Coming from a middle class family in China, every return back home (Christmas, Spring Break, or Summer) means that I will be interrogated closely by my parents, grandparents, distant family members, or family friends on my experience in the United States. The topics of questions range from campus life to national politics. Obviously, these conversations take a casual form that I can comfortably answer most of these questions with the truth of my heart. However, I realize that there are always two topics that people ask.
The first is centered on academics. Despite that the American educational system has always been portrayed as a haven from standardized testing—a reason why many Chinese families send their children abroad, they still want to ensure that intellectual challenges remain. When I say intellectual challenges, these people really mean by the difficulty of STEM courses. Most of the Chinese parents (family friends) who I have talked to still firmly believe the superiority of STEM. In their eyes, humanities and social sciences represents a limited and worrisome career path, an unachievable idealism, or a complete waste of time. Even my parents, who always told me to discover and to follow my passion, still actively attempt to convince to study business or economy in college and to put my academic interests away as a minor.

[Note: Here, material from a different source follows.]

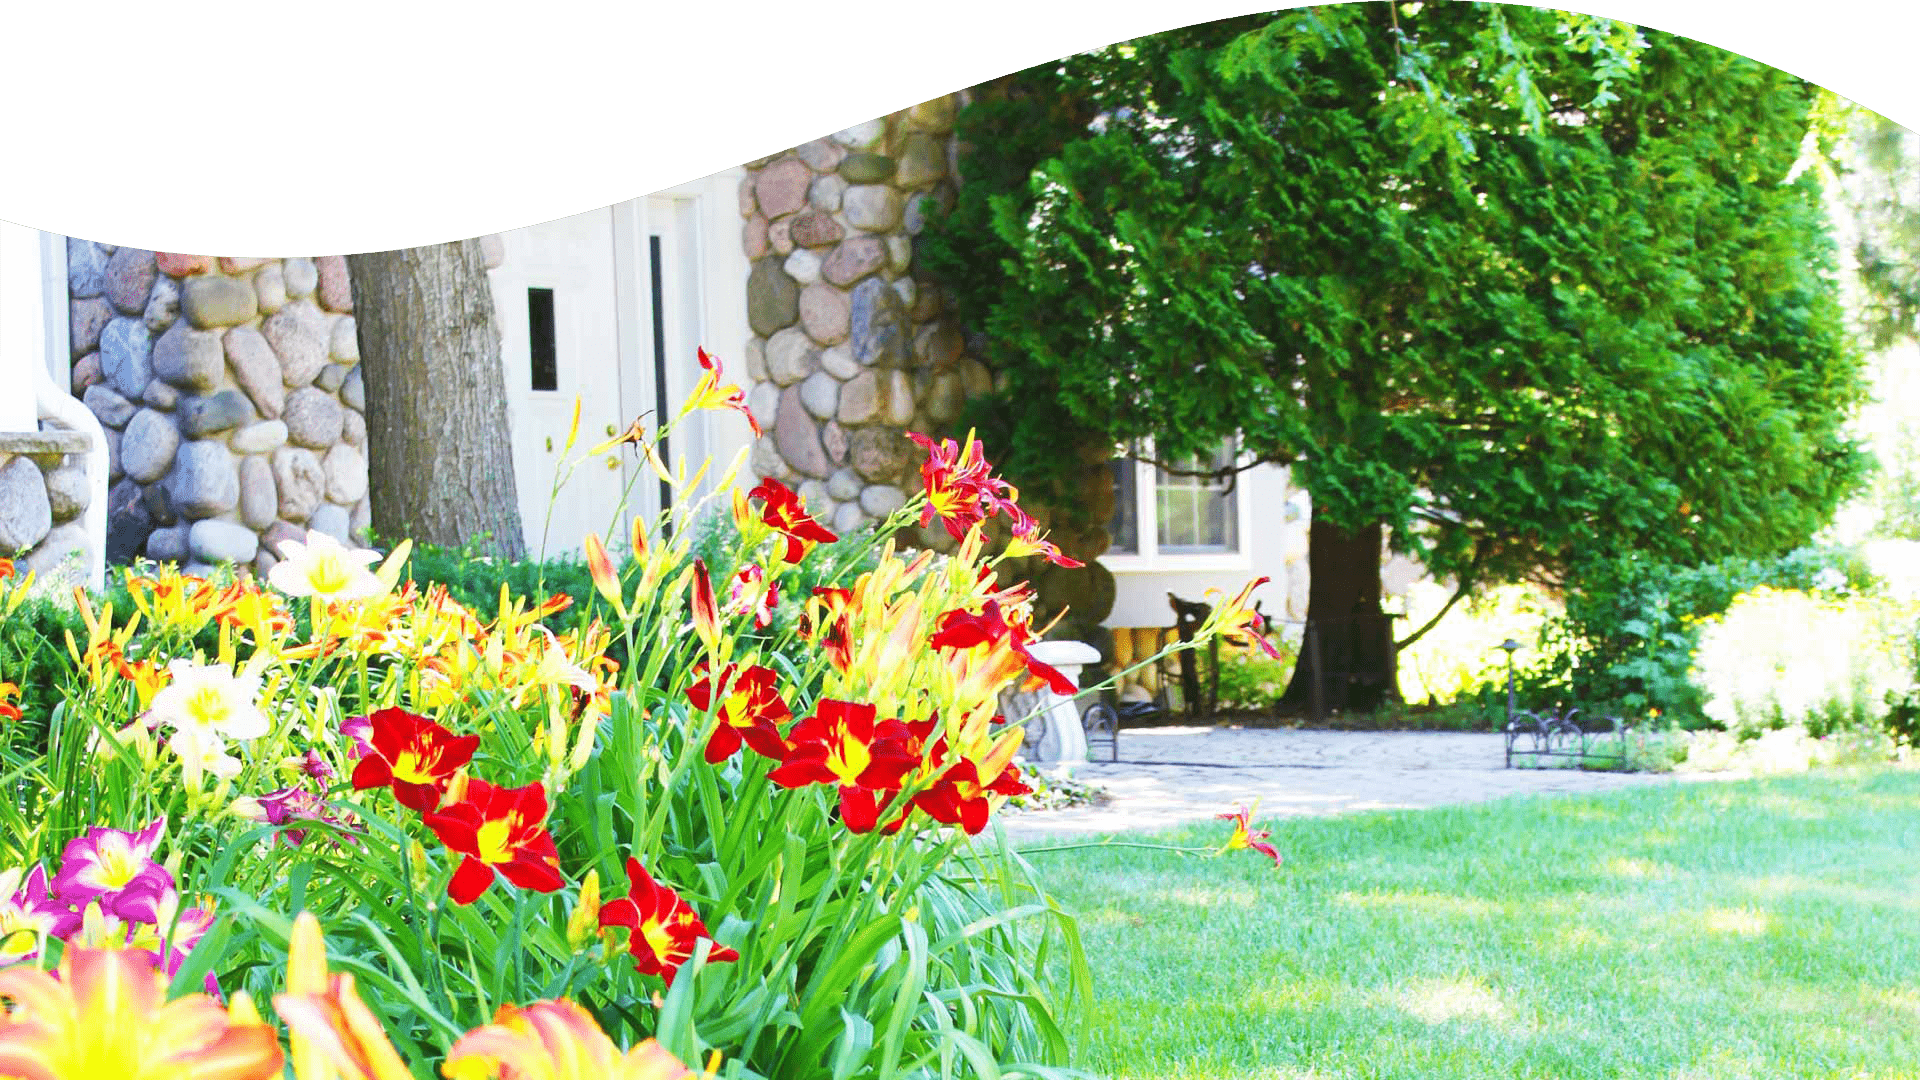 Lush garden with blooming daylilies in varied colors, stone house facade, green trees, and a manicured lawn with a curving walkway and benches.
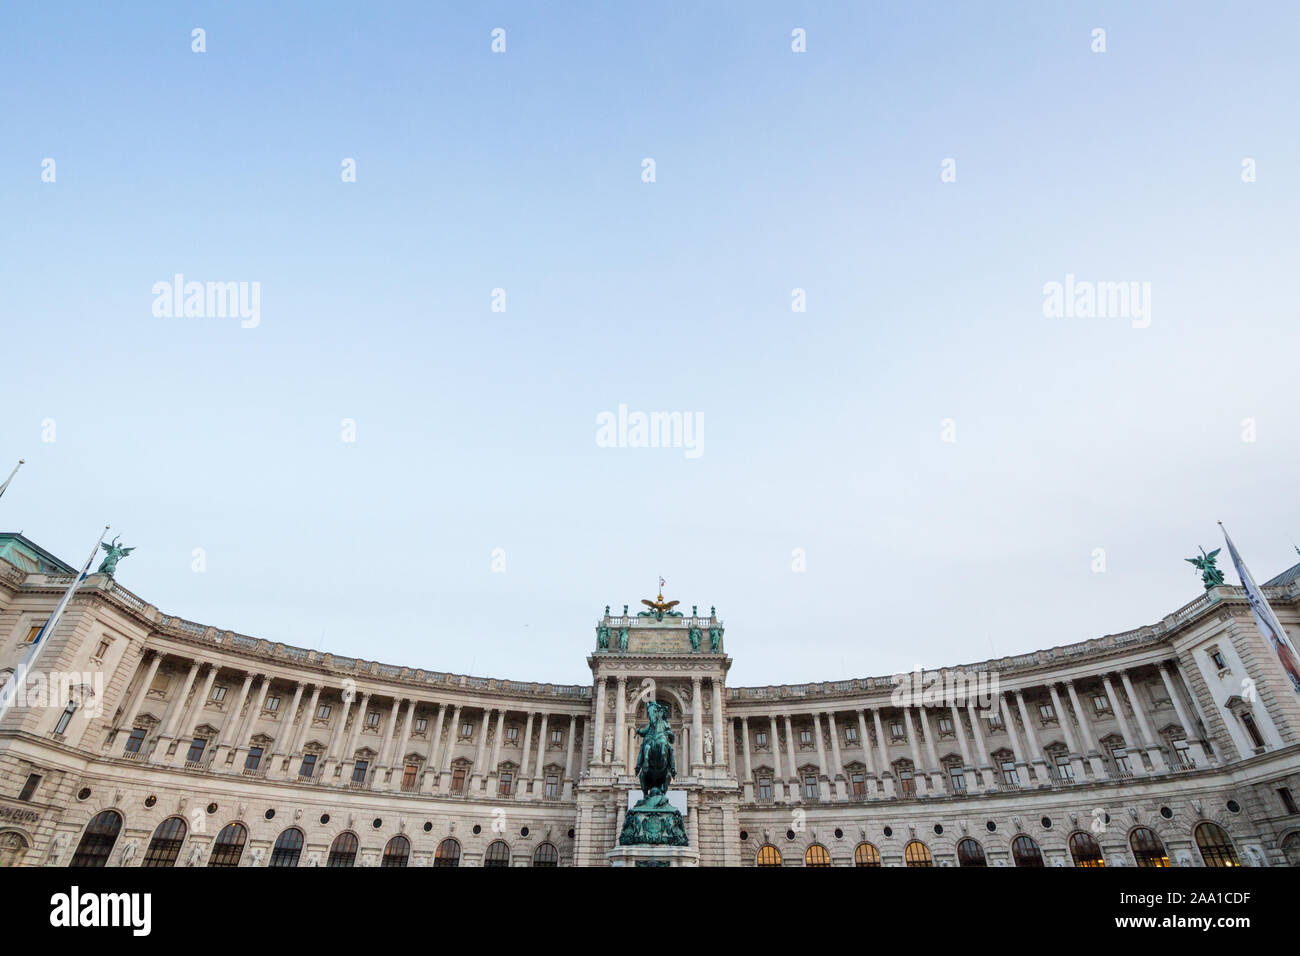 Hoffburg palace, on its Neue Burg aisle, taken from the Heldenplatz square, with the 19th century Prinz Eugen statue in front in Vienna, Austria. It i Stock Photo

However, I still consider myself lucky that I am born in a time when Chinese parents start to reconsider and to redefine education. During my parents’ time, studying humanities meant “losing face” for the family. My mom always told me the story of how she was interested in and good at social sciences in high school. She aspired to become a lawyer, but her dream was soon dashed as my grandfather firmly believed in the superiority of STEM. Fortunately, just a generation after, Chinese families, especially the socioeconomically privileged ones, came to realize that education is not just about employment, but also passions, ideals, and self discovery.
Interestingly, Chinese parents often think about education as one of the best ways of “investment”. STEM symbolizes a practical gateway for a person to advance socioeconomically and to return such investment back to his or her parents. In that context, studying social sciences represents a betrayal to the family and a lack of familial responsibility—in other word, losing face of the family.
Similarly, Losing Face presents this conflict between personal wants (intellectual interest) and social standing (practical career) as expected from the family as a multi-generational conflict. The movie more specifically examines how this conflict would intersect with gender identity: for the Chinese women, it is often a fight between true love and arranged marriages.
Yet, one question still remains: why and how does this conflict persist in the Chinese American community? One can argue that Chinese people are inherently practical, considering the previous generations of Chinese had to endure severe poverty under the Communist regime. But why has the White American educational culture of “well-roundedness” not successfully changed the Chinese American concept of education?
This goes back to the second most common question I received from other people: whether I can successfully fit in and become a part of the White American cultural circle. They perceive the successful America as the suburban White America. Some of the family friends did not even bother to hide their explicit racism, “how many black students are there in your school? I hope that there are not many.” Chinese American immigrants today, often socioeconomically privileged, feel a sense of insecurity on holding onto their socioeconomic status and prioritize the need to pass as white or at least present themselves superior to people of other minority groups.
Trespasser? offers a deeper examination into this Asian American insecurity. Although the model minority myth presents Asian Americans as the successful examples of racial uplifting, their status on the racial hierarchy is not as secured as that of white Americans. Asian Americans do not enjoy white privileges, and not everyone enjoys socioeconomic privileges that can easily be nullified. The model minority myth creates a perpetual motion upward. Those successful Asian Americans fight hard to retain their privileges for their children and themselves, while the unsuccessful ones fight even harder to move upward under the threat and fear that other minority groups might catch up later. White America uses the Model Minority myth to pit Asian Americans against other races, thus making solidarity among minorities more fragile and more inviable.
This insecurity binds Asian Americans to the familial responsibility of retaining their social standings and therefore saving the face of the family.